• _WORK INSTRUCTIONS_
A word-for-word copy of the data, with no images, is the required answer.

• _PROVIDED DATA_

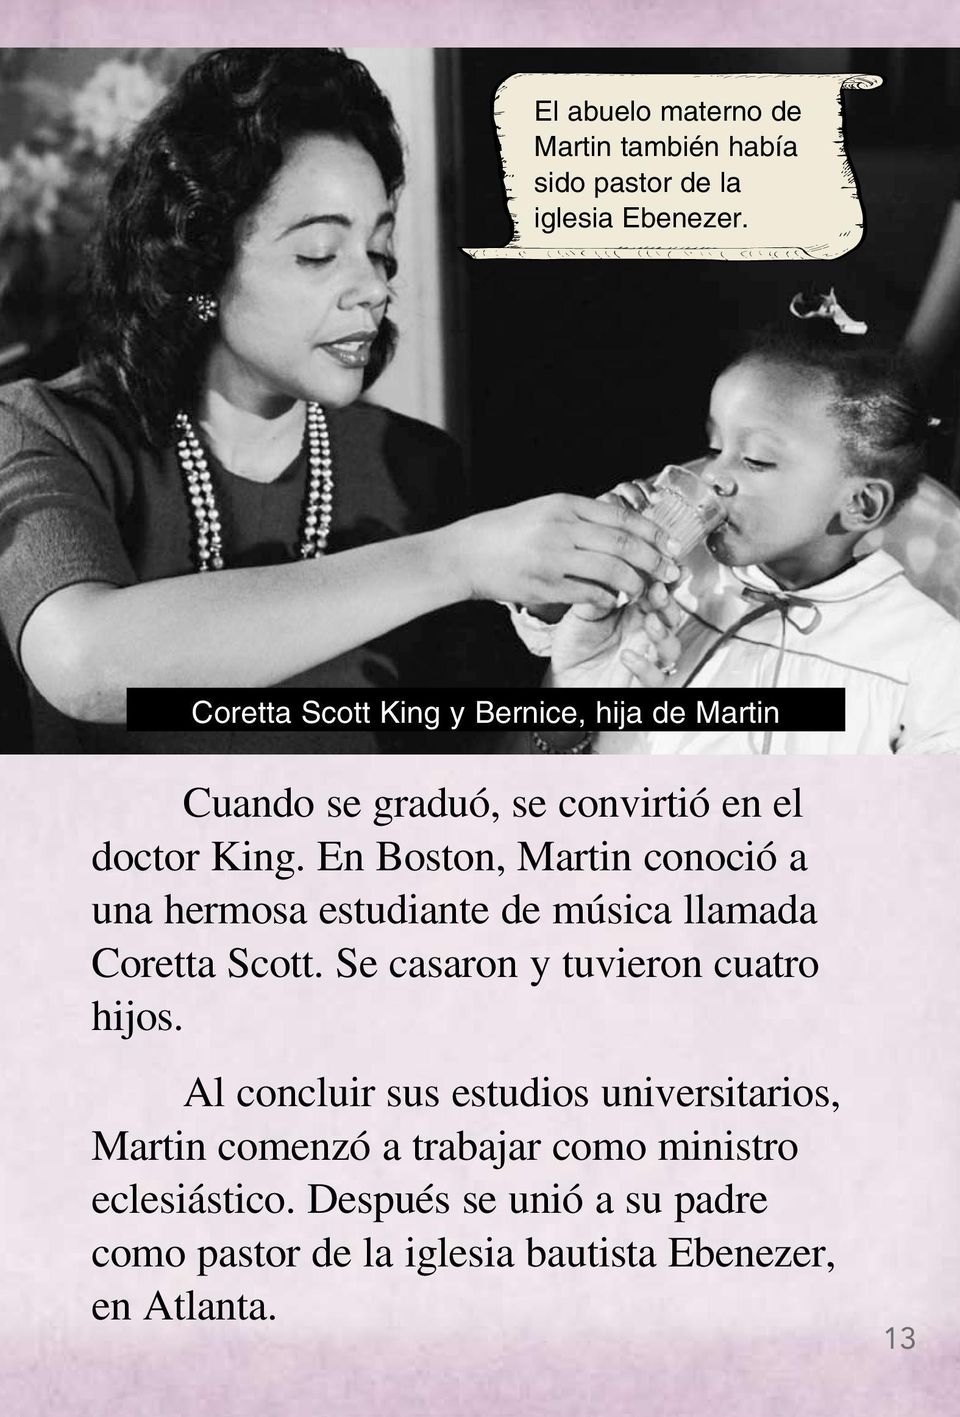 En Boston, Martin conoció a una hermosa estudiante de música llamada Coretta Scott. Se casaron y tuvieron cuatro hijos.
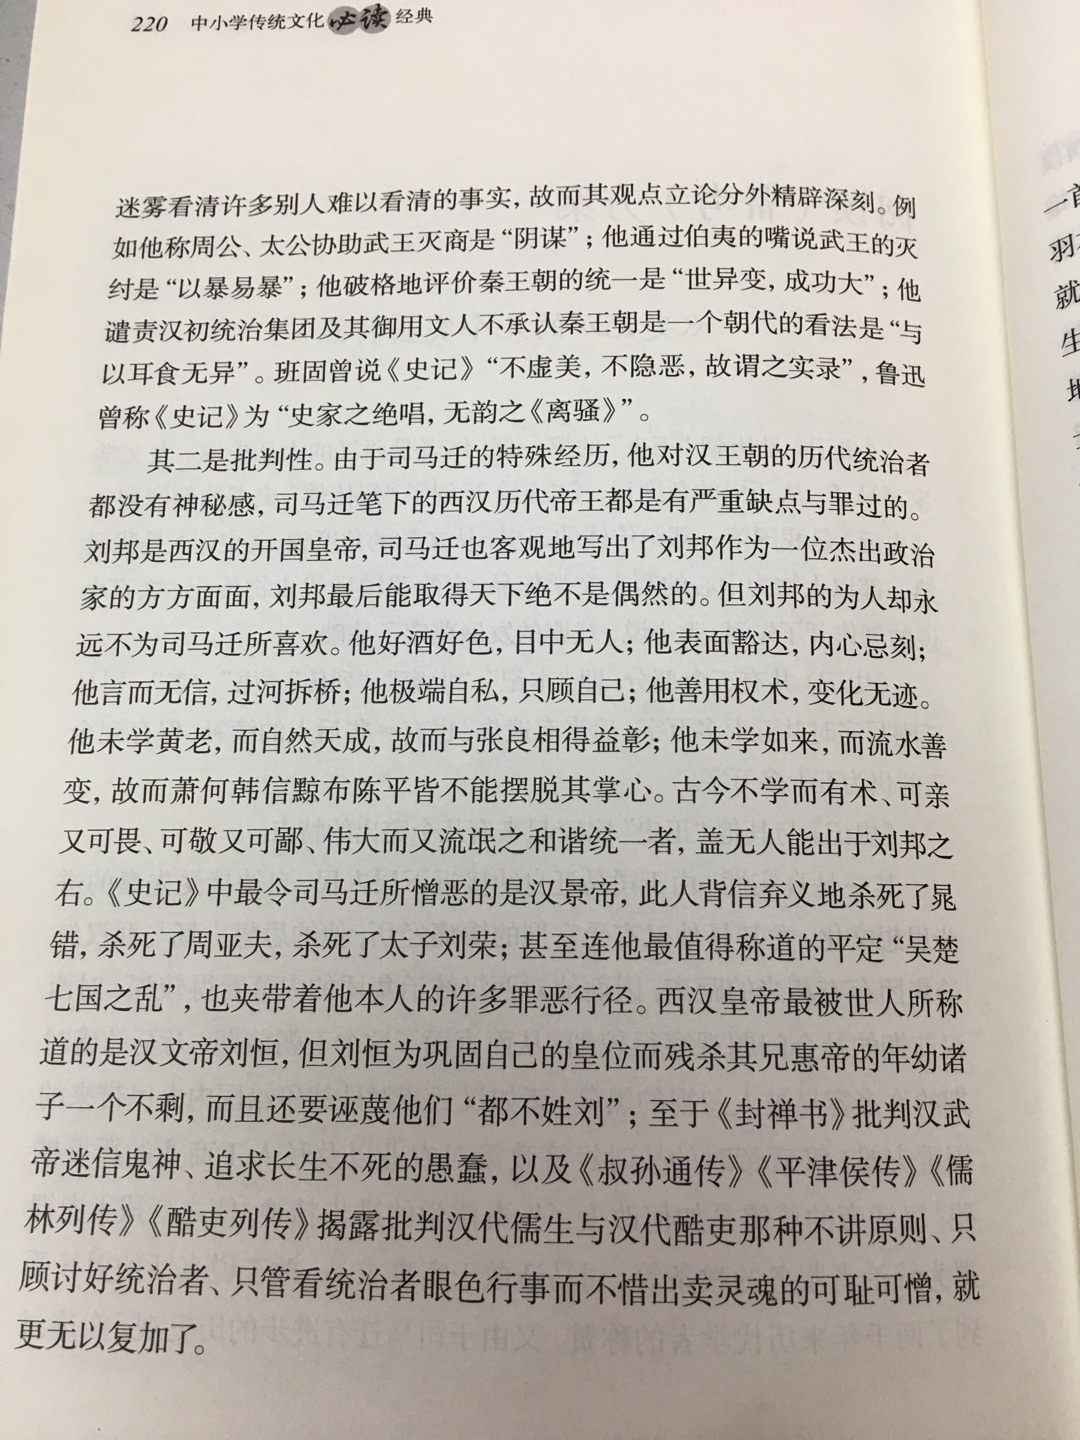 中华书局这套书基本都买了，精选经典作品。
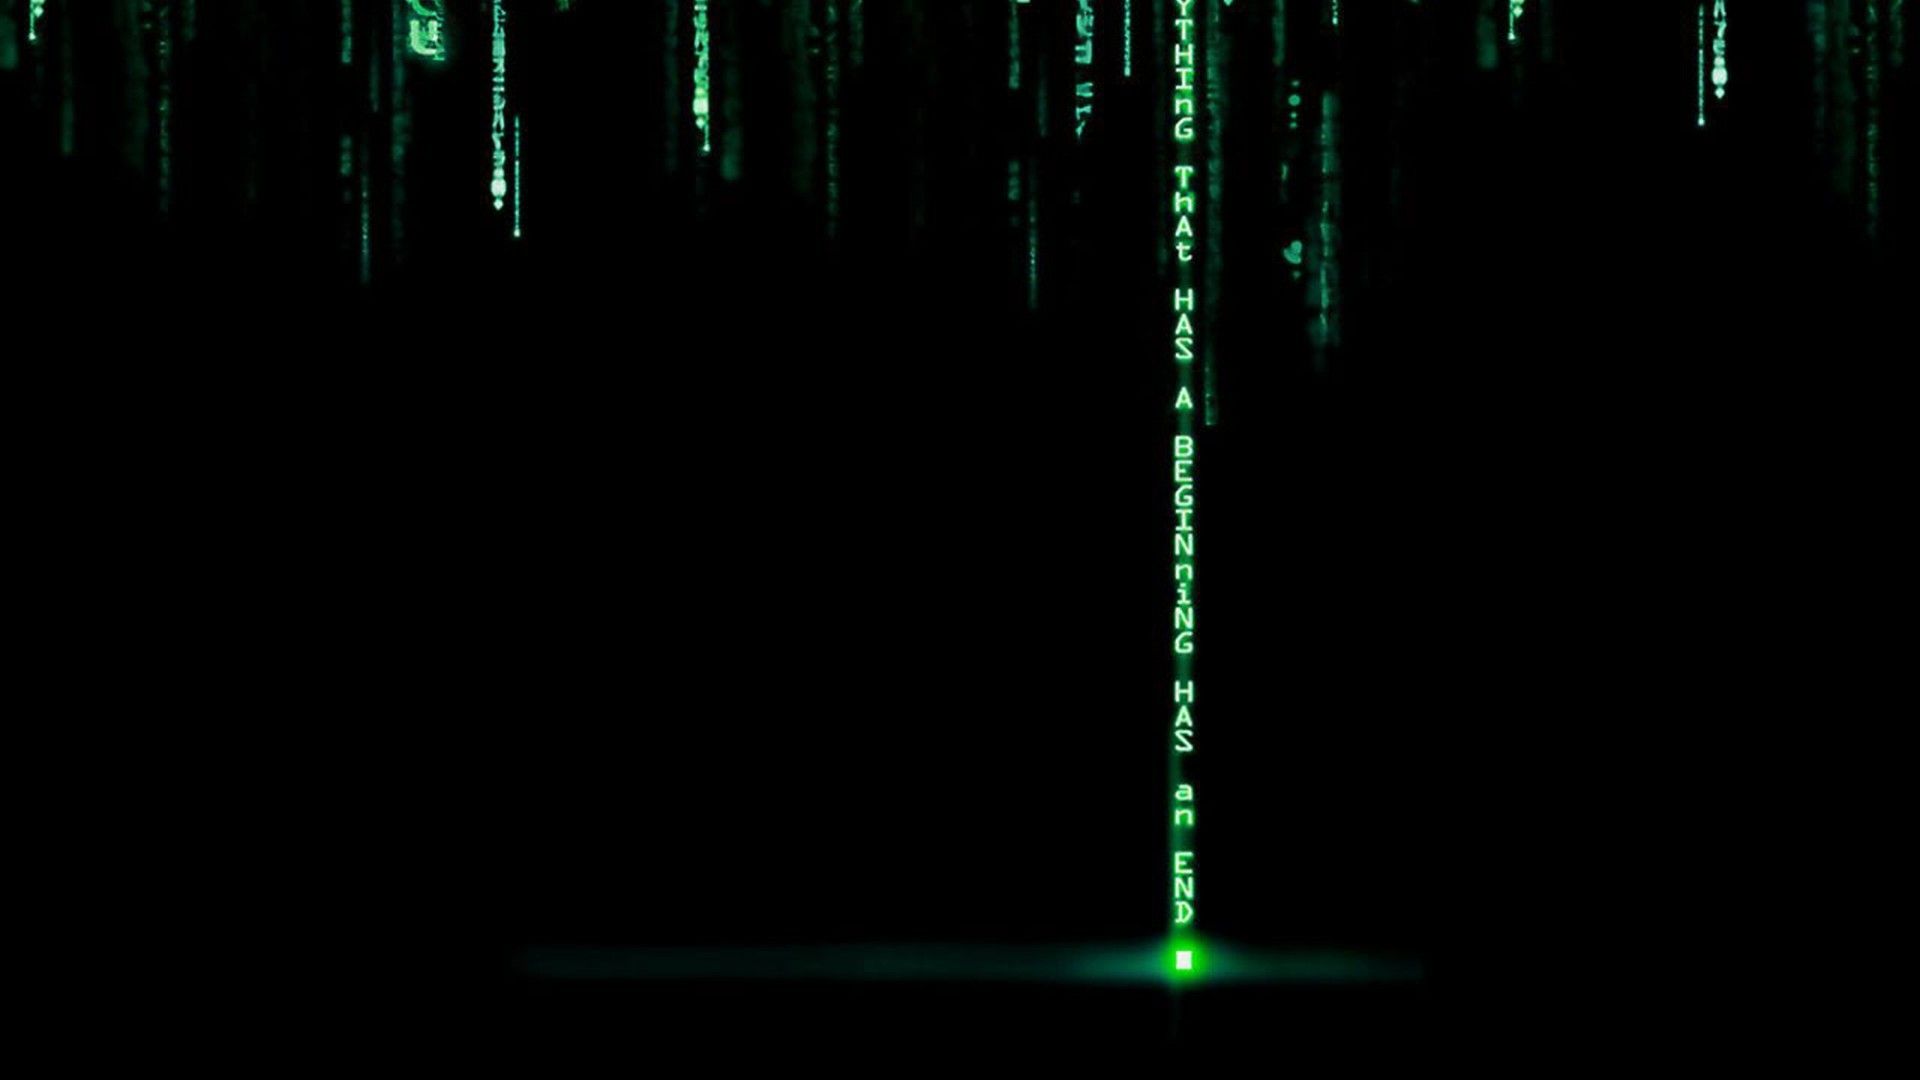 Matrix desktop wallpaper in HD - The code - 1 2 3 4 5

• _REPLY TO THE EXERCISE_
 En Boston, Martin conoció a una hermosa estudiante de música llamada Coretta Scott. Se casaron y tuvieron cuatro hijos.
 中华书局这套书基本都买了，精选经典作品。
 Matrix desktop wallpaper in HD - The code - 1 2 3 4 5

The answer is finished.